* **RAW DATA**:

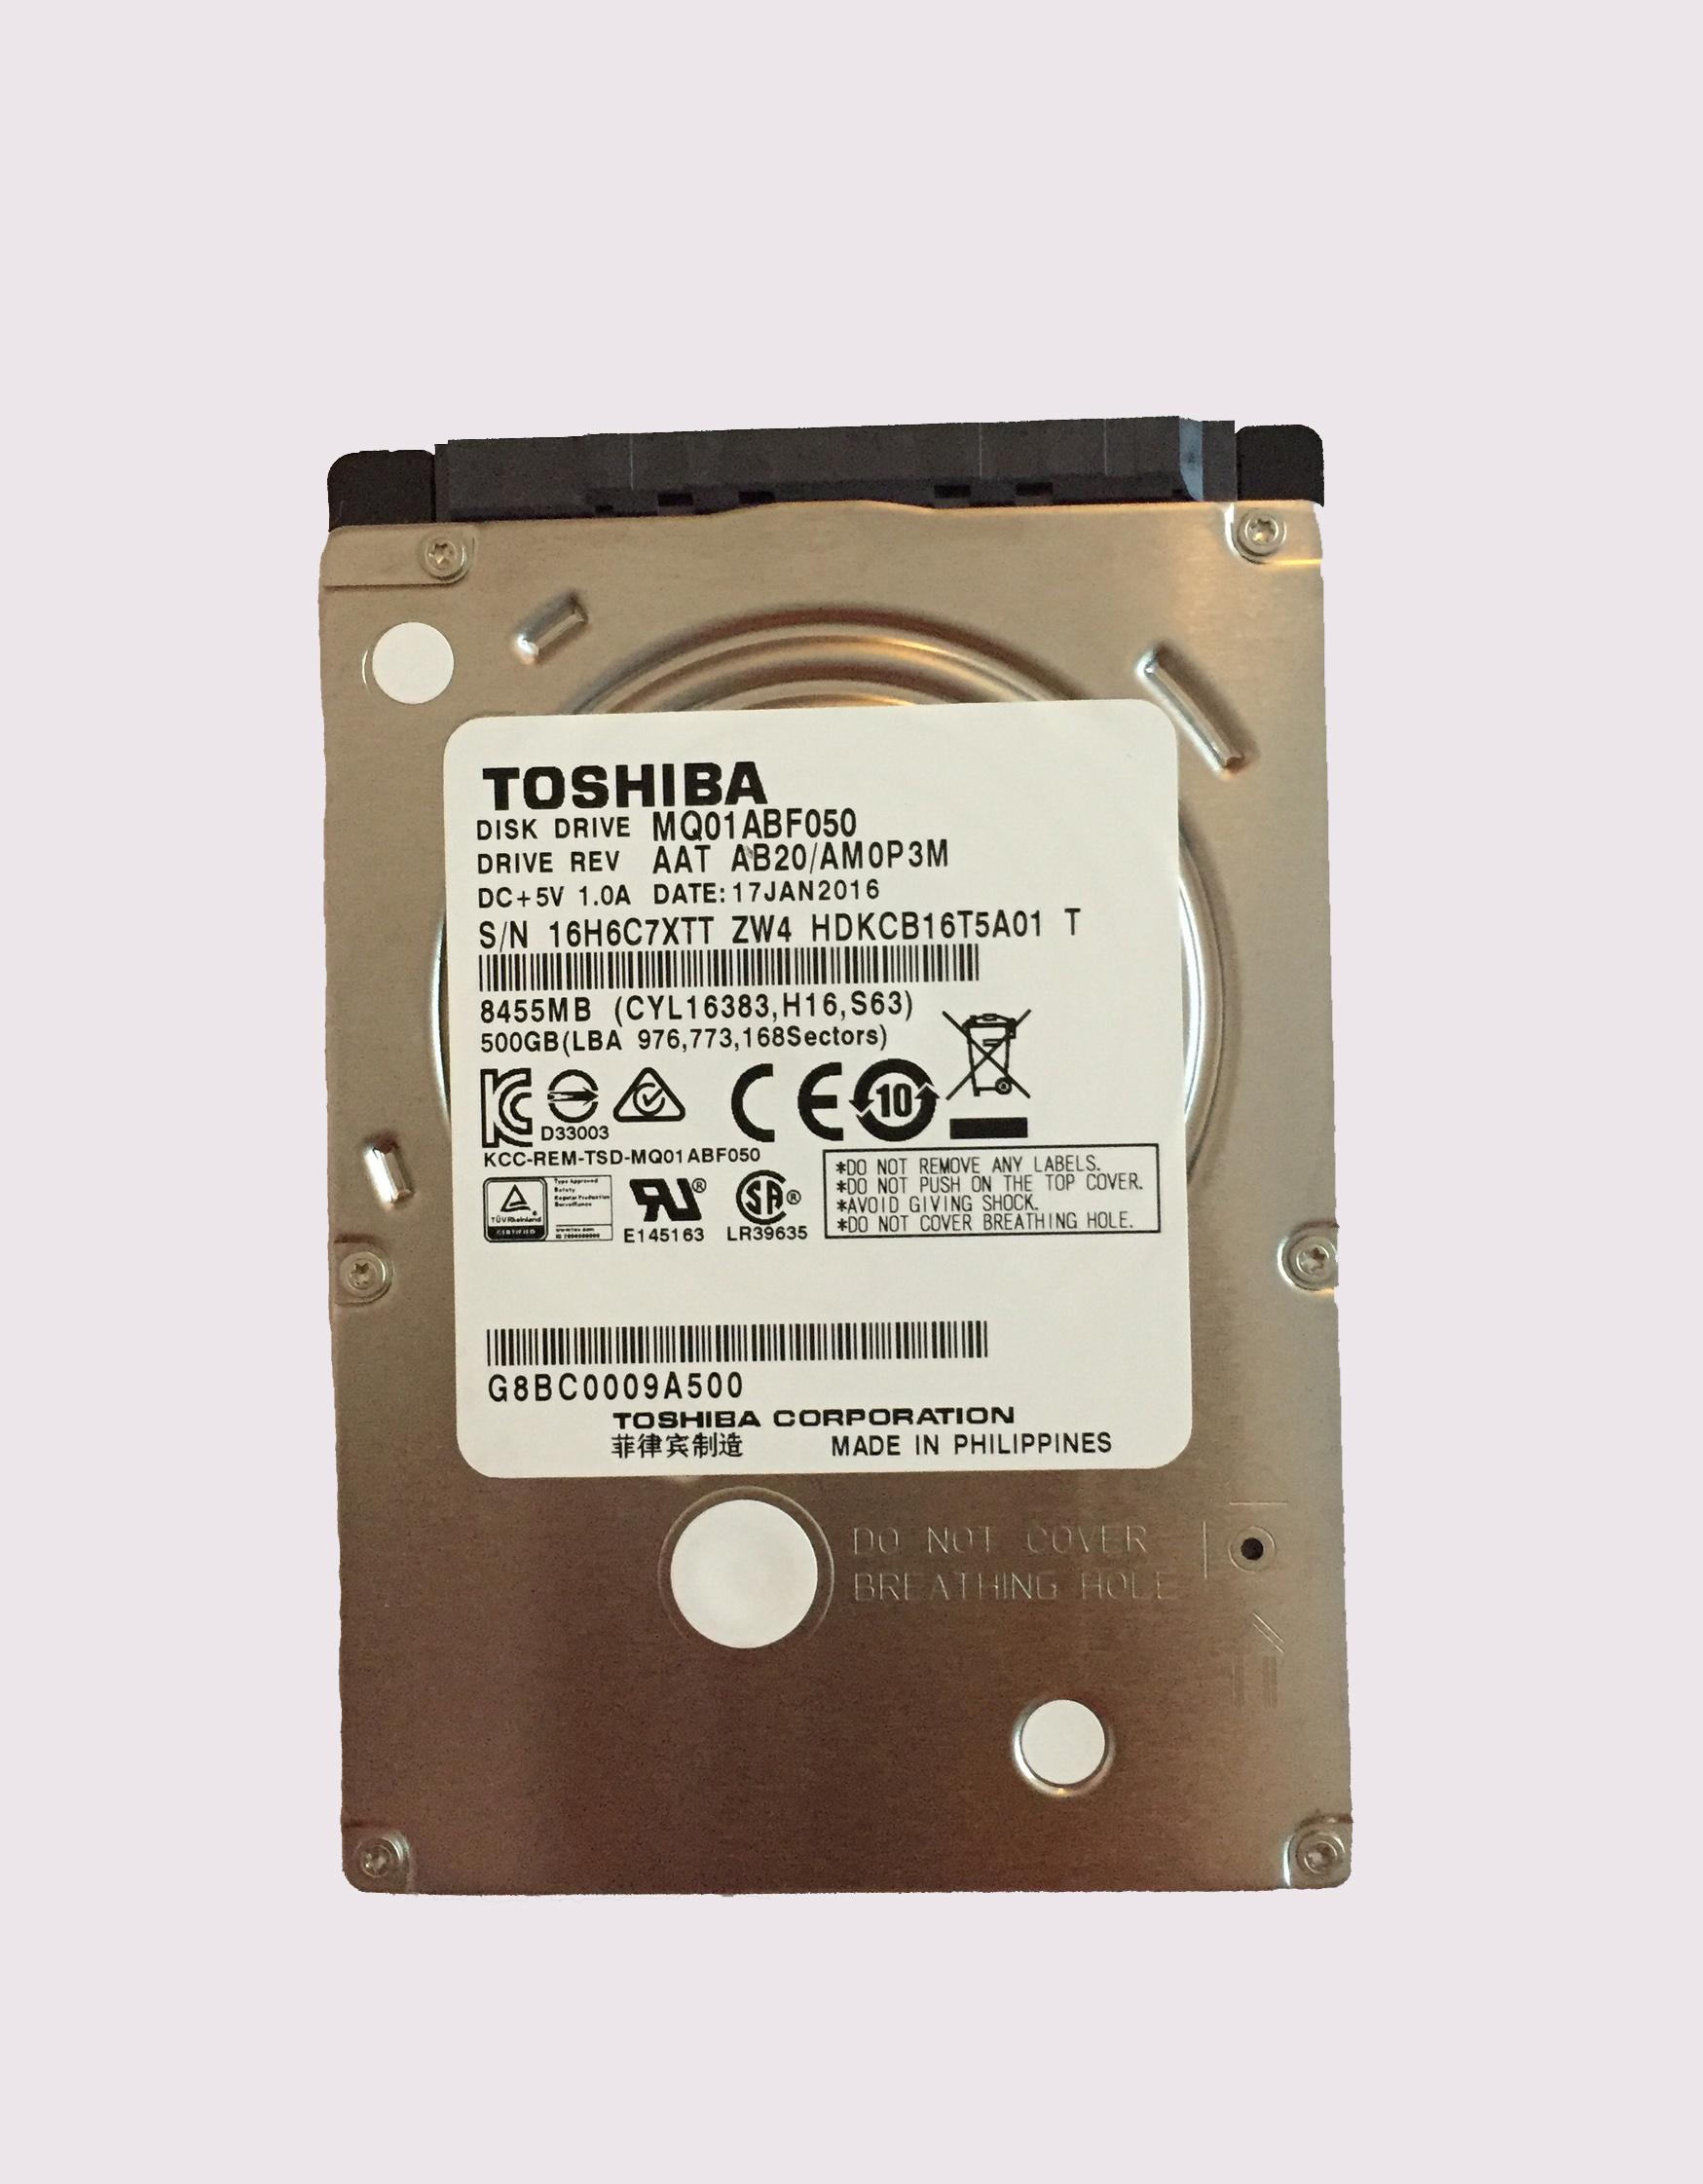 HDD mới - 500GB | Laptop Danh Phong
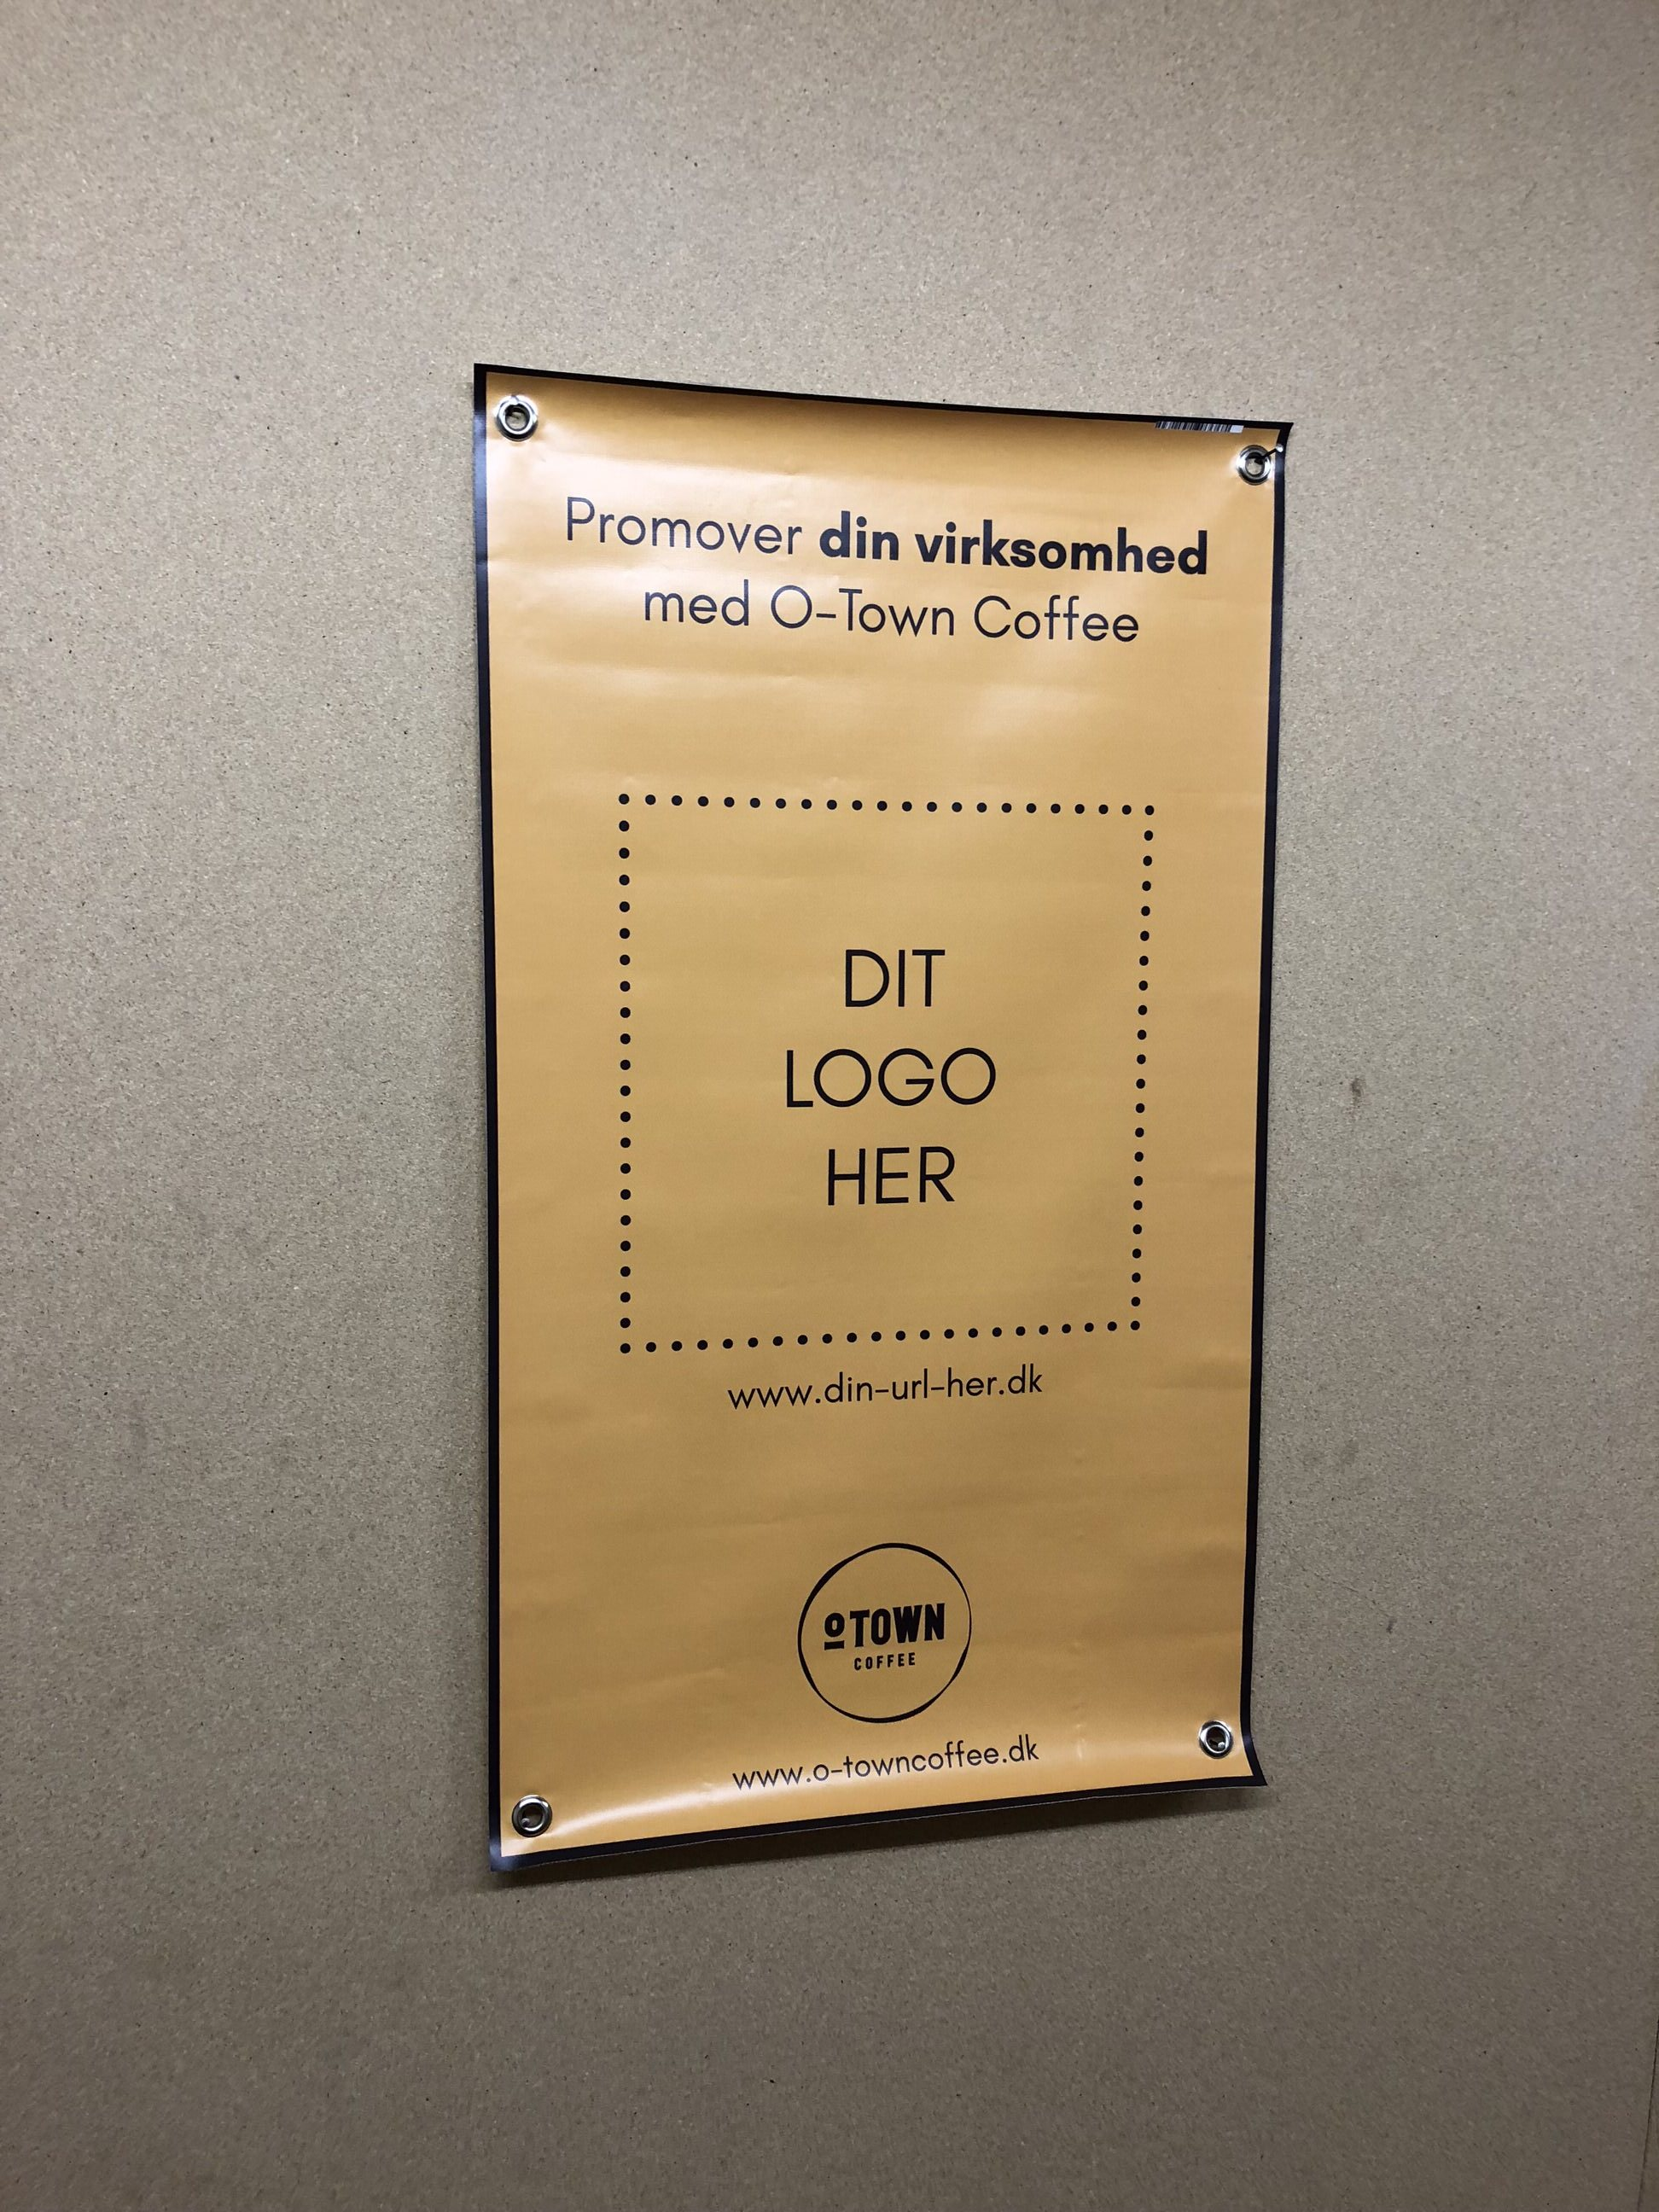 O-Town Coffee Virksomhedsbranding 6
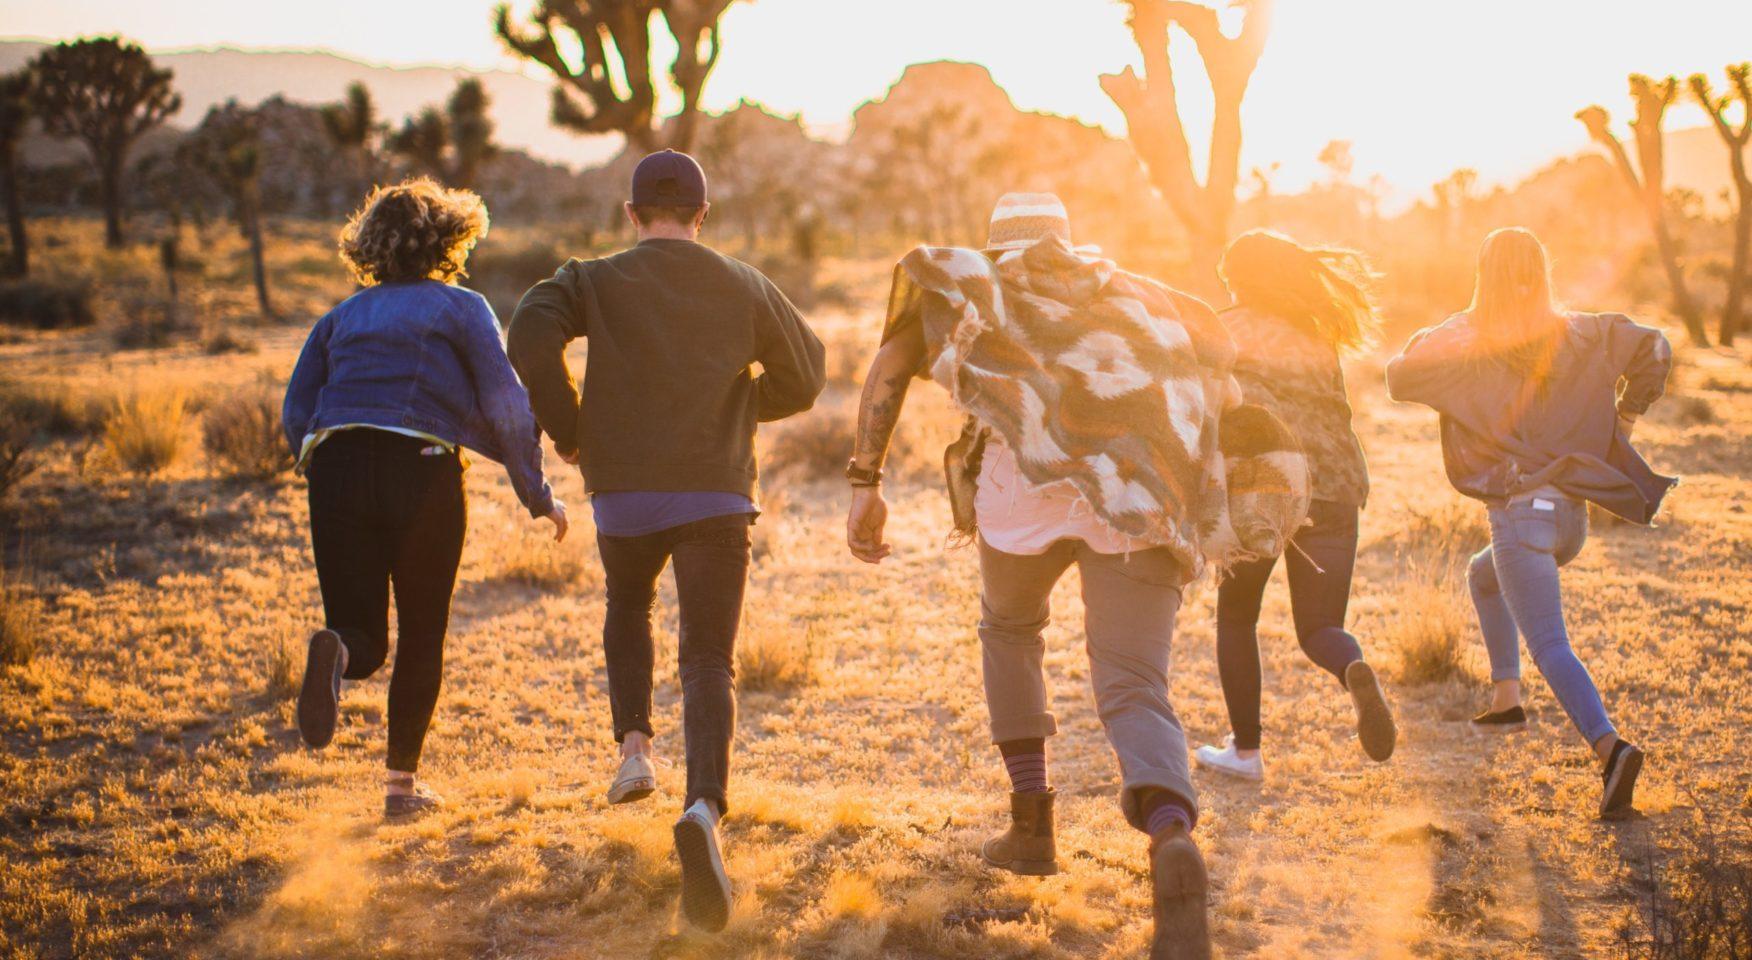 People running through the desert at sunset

* **EXERCISE OBJECTIVE**:
Please copy the data shown above word for word, omitting the pictures.

* **RESPONSE**:
 HDD mới - 500GB | Laptop Danh Phong
 O-Town Coffee Virksomhedsbranding 6
 People running through the desert at sunset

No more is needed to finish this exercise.